I currently work in private practice as an IBCLC and as a doula. I am currently available for lactation office visits at the Pasqua South Medical Clinic or alternatively I can book visits in your home.

For office visits please call 306-525-6837
For in home consults call 306-550-6143 or email kasmith@accesscomm.ca
For doula inquires call 306-550-6143 or email kasmith@accesscomm.ca

For more information visit my website

Tuesday, January 1, 2013

Lessons and Blessings and the Journey of Learning What I Did Not Know I Did Not Know

I am often found reflecting at wee hours of the day about the families I am working with or have worked with. You see, we do not know what we do not know. I do not know what I do not know and what I will learn next. I only know that I will continue to learn. I am committed to learn from each family I meet, from each class I can take, from each professional I collaborate with.
 
Often in my journey of learning, especially this year, I have found myself holding an emotional space with the thoughts of past families in this space with me, with the intention of sending an apology. These apologies are for not knowing "something" when they needed me to know it and I discovered one of those things I did not know that I did not know.  
 
Book learning only affords one so much. Clinical training with 99% "normal" does a really good job of teaching normal. It does not prep one really well for "abnormal". So, as I work with families that have fallen off normal sometimes I am sent turning over stones I have never turned over before, and sometimes that means families did not make it to where we all would have liked and we are left wondering why what I did know to be "true' did not work. After those moments I still continue to turn stones so that i can find that piece of information we needed. Sometimes I find it and know I found it and other times it comes to me unknowing in another class or article and a moment of reflection on a past scenario comes into light.  I hold that piece with the memory of the previous family as I move forward to another family. That might mean it is "too late" for someone and that someone previously felt let down but it also means because that someone taught me something it is not "too late" for the next family.
 
Encounters are lessons or blessings and sometimes we need lessons before we can give the blessings.
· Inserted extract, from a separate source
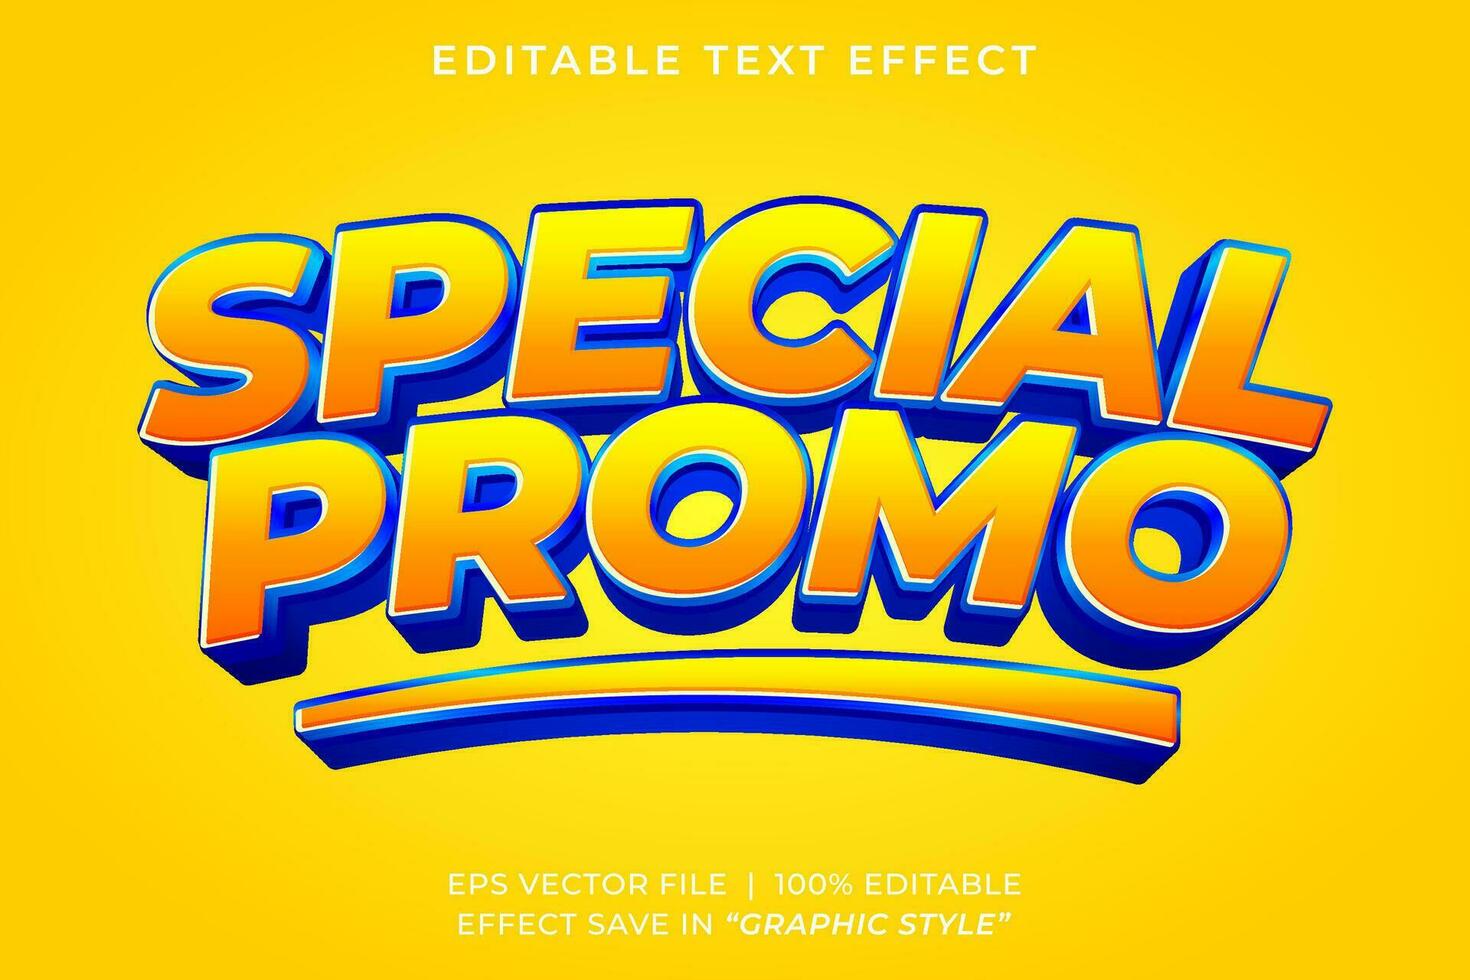 spécial vente promo 3d modifiable texte effet modèle vecteur

To all the families *I* have been blessed to work with who have taught *me* my lessons, I will carry forth blessings to other families as I continue my work. I apologize to you for not knowing what I did not know and not having what I needed for you when you reached out to me but I can assure you that the experiences we shared are not wasted experiences.
 
I want my families to be aware that I hold on to you, your stories, your experiences, much much longer that you probably would have ever imagined.